To the best of my knowledge, I can say that I have nothing to do with said death. I did nothing to prevent it but I also did not facilitate it in any way.

The death of the turtle followed an earlier incident, where Pak-Kei and me had a verbal alteration in public, the topic of it being if we should or should not create a volume control in the player’s application interface.

The communication between Pak-Kei and me came to a slow drag after said incident, but we picked it up again, two nights later and continued as per our project management schedule.

That is, I thought that we did; the truth is: I did. Leo (Pak-Kei’s nickname), did not continue his work, nor would he continue it at a later stage.
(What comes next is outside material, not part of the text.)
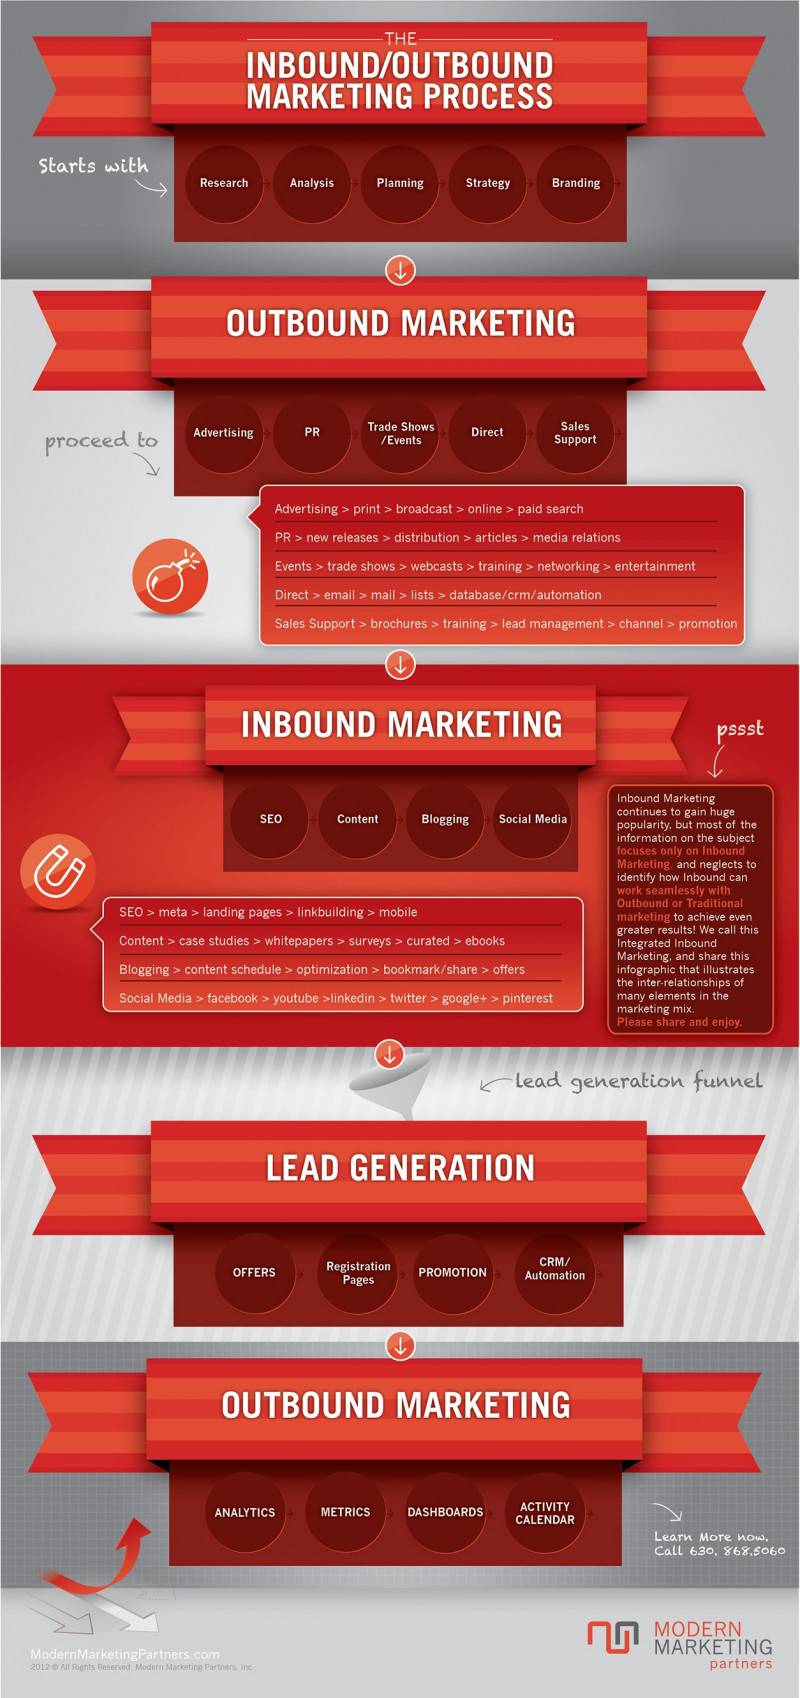 A connection between inbound and outbound marketing.

When the turtle incident happened, Leo seemed to be affected by it so hard, one would think that half his (human) family had died, not just a pet that he, seemingly, cared little about, the days prior to its death.

The weeks after the death, Leo was little more than a walking, hypersensitive corpse; he would neither talk to the other roommate nor me, nor would he respond to instant messages.

The use of email and / or text messages resulted in him shooting back a short, unrelated reply, telling us to stay the F away and leave him be.

To be honest, while I felt for Leo’s loss, I found it ridiculous that he used the passing-away as an argument to not work on anything for Rabbit.dj anymore and I confronted him about it a number of times.

I have the ability to separate business from pleasure on a level that he did not, he would project his fear, anger, distrust, paranoia and hate on me, even when I wanted to talk about Rabbit.dj and nothing else.

Thinking that he would eventually come around, I continued my work on additional Rabbit.dj features, such as the member system as well as search-engine optimized profiles and playlists.

When August came, Becca (another roommate) and Pak-Kei had a talk; social tension inside the apartment had gotten to a point where Pak-Kei and me had not talked to each other for at least two weeks and it did not look like that would change any time soon.

Becca facilitated a discussion where she brought up the point of Pak-Kei and me not talking to each other and once the talk was finished, something incredible happened:

During an hour long talk, Leo offered his apologies to me, explained why he did not continue any of his work lately, discussed how far I had come with the project and, also, made a number of promises.

Psychologically speaking, I was in a defensive mode as far as the project was concerned; I would not let it die just yet, for I had invested time and money into it.

Leo hit a sweet spot that made me gullible enough to believe his empty promises and continue working on the project and once again, no contracts were signed.

Yes, in a business setting, contracts are the one thing a company lives or dies by, but in a setting where two people, friends (?), work with each other, honor and a word of promise should have worked too.

Cold War redux

Truth be told, it did not: when I boarded the plane, back to Europe, I left with mixed feelings: would Leo hold up his end of the deal or not?

After numerous emails, text messages, instant messages, the answer to that question is: he did not and what’s more: he also scuttled the server with the Rabbit.dj project files and most of our ideas.

I felt betrayed and cheated on, but I did not hate him. To this day, I do not think that he is worth any emotional response, positive or negative, from me.

On the bright side: I started working on the project again, this time with someone I trust and someone I have worked with before. Someone who is as motivated as I am, to keep building at it until we have reached a point where we are content enough with it to share it with others.

I still believe in the idea of Rabbit.dj and have every intention of making it a working application that generates a sizable ripple effect.

In closing, I can say the following and I feel a strong urge to paraphrase Tony Blair’s resignation speech a little bit:

Hand on heart, I did what I thought was right. It may not have worked out the way I wanted it to be, but I still feel that I made the right choice.